The Company has earned the Net Profit of Rs. 84.30 Lakhs (Previous Year Net Profit: Rs. 154.83 Lakhs). The performance for the coming years is expected to improve upon if right macroeconomic indicators are achieved in future.
5. MATERIAL CHANGES AND COMMITMENTS AFFECTING THE FINANCIAL POSITION OF THE COMPANY:
There have been no material changes and commitments, which affect the financial position of the company which have occurred between the end of the financial year to which the financial statements relate and the date of this
Report.
6. SHARE CAPITAL AND ANY CHANGES THEREOF:
During the year, the Company had issued Bonus shares the details of which are given as follows:
Date of Issue of Bonus Shares: June 14, 2024 Date of allotment of Bonus Shares: June 27, 2024
Ratio: 1:2 [ One Equity Share for every 2 Equity Shares Fully Paid]
The paid-up equity share capital as on 31 March, 2024 was 6 crore however pursuant to bonus issue during the year under review the paid-up capital of the Company as on 31 March 2025, is 9 crore.
7. DETAILS WITH RESPECT TO INVESTOR EDUCATION AND PROTECTION FUND (IEPF):
Pursuant to the applicable provisions of the Companies Act, 2013 read with
IEPF Authority (Accounting, Audit, Transfer and Refund) Rules 2016 ("the IEPF rules") all unpaid or unclaimed dividends are required to be transferred by the Company to the IEPF, established by the Government of India, after the completion of seven years. Further, according to the rules, the shares on which dividend has not been paid or claimed by the shareholders for seven consecutive years or more shall also be transferred to the Demat Account of
IEPF Authority. a) Following are the details of the transfer to the IEPF made during the year as mentioned below: i) During the year, your Company has transferred the unpaid and unclaimed dividend amounting to Rs. 34642.20/- and 184383 shares pertaining to the financial year 2016 17 to the IEPF
Authority. ii) Sale proceeds of fractional shares arising out of issuance of bonus shares: - Rs. 6205/- b) details of the resultant benefits arising out of shares already transferred to the IEPF: During the year, the Company transferred shares to the IEPF
Authority in respect of bonus shares allotted on shares that had already been transferred to the IEPF, corresponding to the following years:
Year | No. of Shares |
2009-10 | 112804 |
2011-12 | 16110 |
2012-13 | 6970 |
2013-14 | 19943 |
2014-15 | 9871 |
Bonus Shares allotted in 2023-24 | 82846 |
c) amount of unpaid/unclaimed dividend lying in the unpaid account and the corresponding shares as on March 31, 2025:
Year | No. of Shares | Amount of Unclaimed Dividend | Date of Declaration of Dividend | Due date for transfer to IEPF |
2017-18 | 667321 | 66732.10 | 28-09-2018 | 03-11-2025 |
2018-19 | 567551 | 56755.10 | 28-09-2019 | 03-11-2026 |
8. DIRECTORS OR KEY MANAGERIAL PERSONNELS: The changes during the financial year 2024-2025 are as follows:
Name of Director | DIN/PAN | Date | Nature of Change |
Mr.
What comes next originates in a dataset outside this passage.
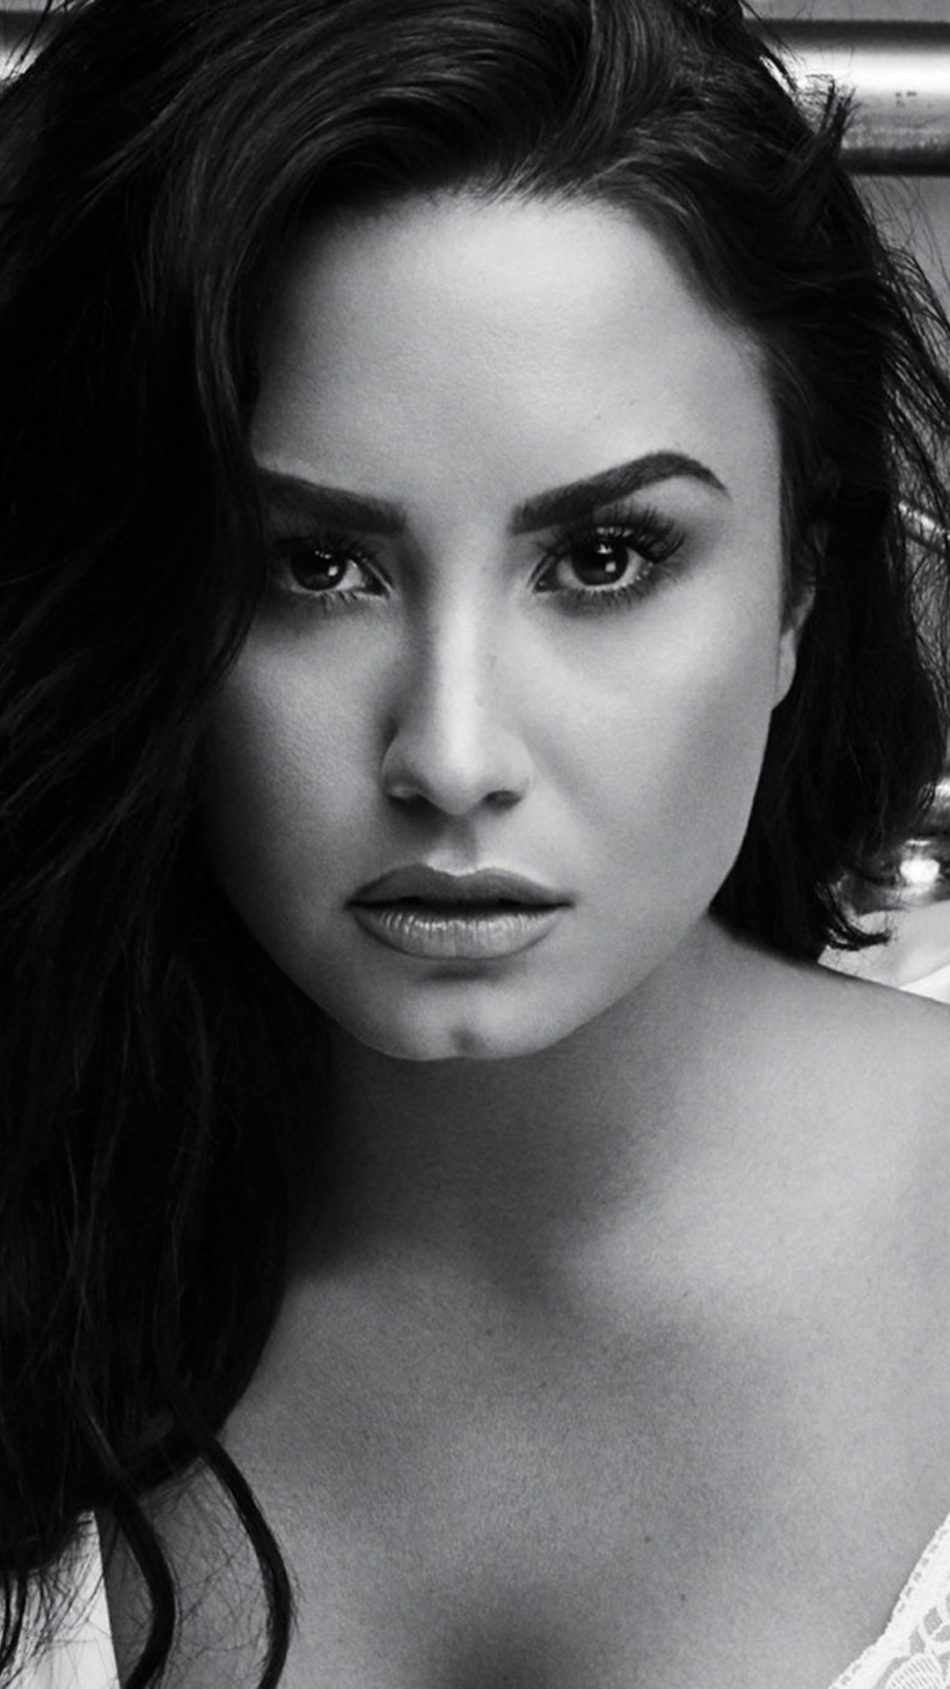 Demi Lovato Iphone Wallpapers

Harsh Agarwal | 07771998 | May 10, 2024 | Appointment as Additional Independent Director |
Mr. Harsh Agarwal | 07771998 | June 14, 2024 | Regularization as Independent Director |
Mr. Rahul Gupta | 00354436 | March 20, 2025 | Appointment as Additional Independent Director |
Mr. Sanjiv Rungta | 00381643 | July 24, 2024 | Cessation upon completion of term as Independent Director |
Mr. Rakesh Garodia | 00354436 | March 19, 2025 | Cessation upon completion of term as Independent Director |
and the Articles of Association of the Company, Mr. Rajesh Ramprasad Poddar (DIN: 00164011) and Mrs. Shilpa Dinesh Poddar (DIN: 00164141), Directors, are retiring by rotation at the forthcoming Annual General Meeting ("AGM"). Being eligible, they offer themselves for re-appointment. The Board recommends their re-appointment for the approval of the Members at the ensuing AGM, and the relevant details are included in the Notice convening the AGM.
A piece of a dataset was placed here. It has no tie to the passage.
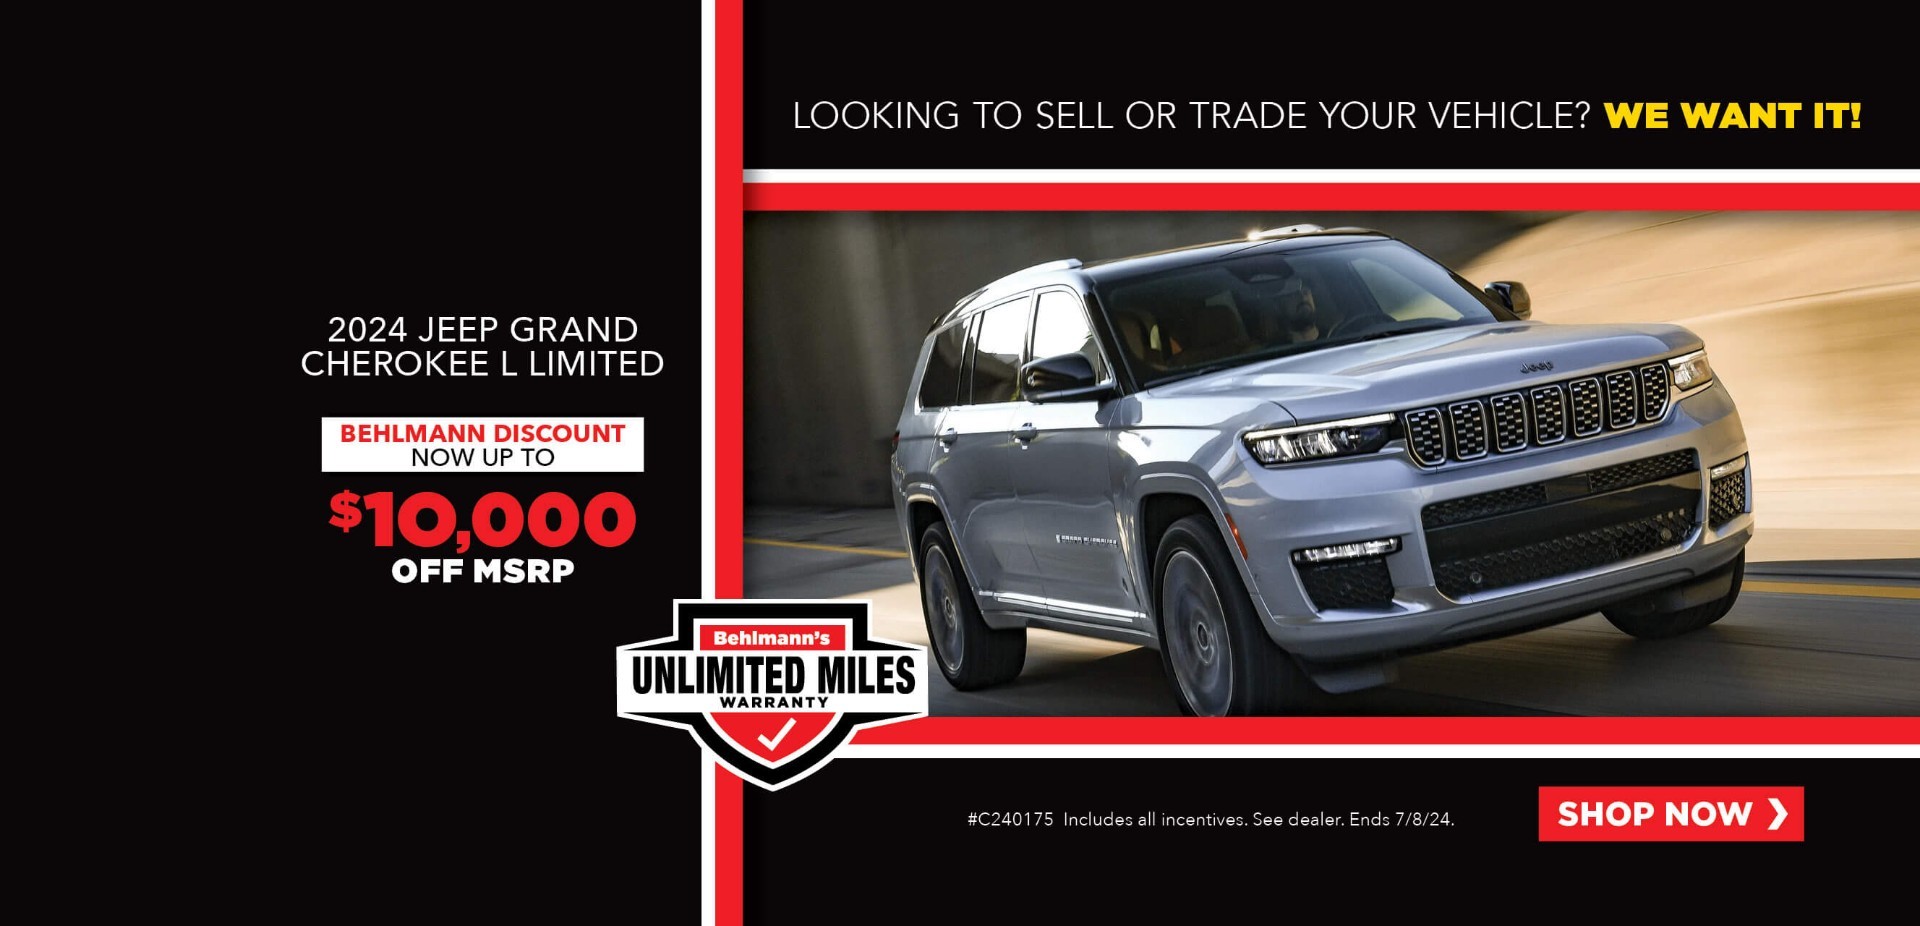 Gray SUV with advertising slogans: Behlmann Discount - Now up to $10,000 off MSRP on 2024 Jeep Grand Cherokee L Limited.

Further, Mr. Dinesh Ramprasad Poddar (DIN: 00164182) was re-appointed as Managing Director of the Company for a term of five years, effective September 01, 2024, in the AGM held on June 14, 2024.
The Board of Directors, at its meeting held on March 12, 2025, appointed Mr. Rahul Gupta (DIN: 00354436) as an Additional Independent Director, to hold office until the ensuing AGM. His appointment for a term of five years has been recommended for members approval. Mr. Gupta possesses extensive expertise in Business Management, and meets the independence criteria under Section 149(6) of the Companies Act, 2013 and SEBI LODR
Regulations. His induction is expected to bring valuable perspective and strengthen Board oversight.
Mr. Madhusudhan Lohia, Independent Director of the Company, was reappointed for a second term of five (5) years as an Independent Director at the Board meeting held on July 25, 2025, effective from July 29, 2025.
Mr. Lohia has shown strong integrity, independence, and active engagement in Board and Committee meetings. His expertise in financial services, compliance, and risk management has enhanced Board effectiveness. Based on performance evaluation and the Nomination and Remuneration Committees recommendation, the Board recommends his re-appointment for members approval.
The brief profiles of the Directors proposed to be appointed or re-appointed have been provided in the AGM Notice.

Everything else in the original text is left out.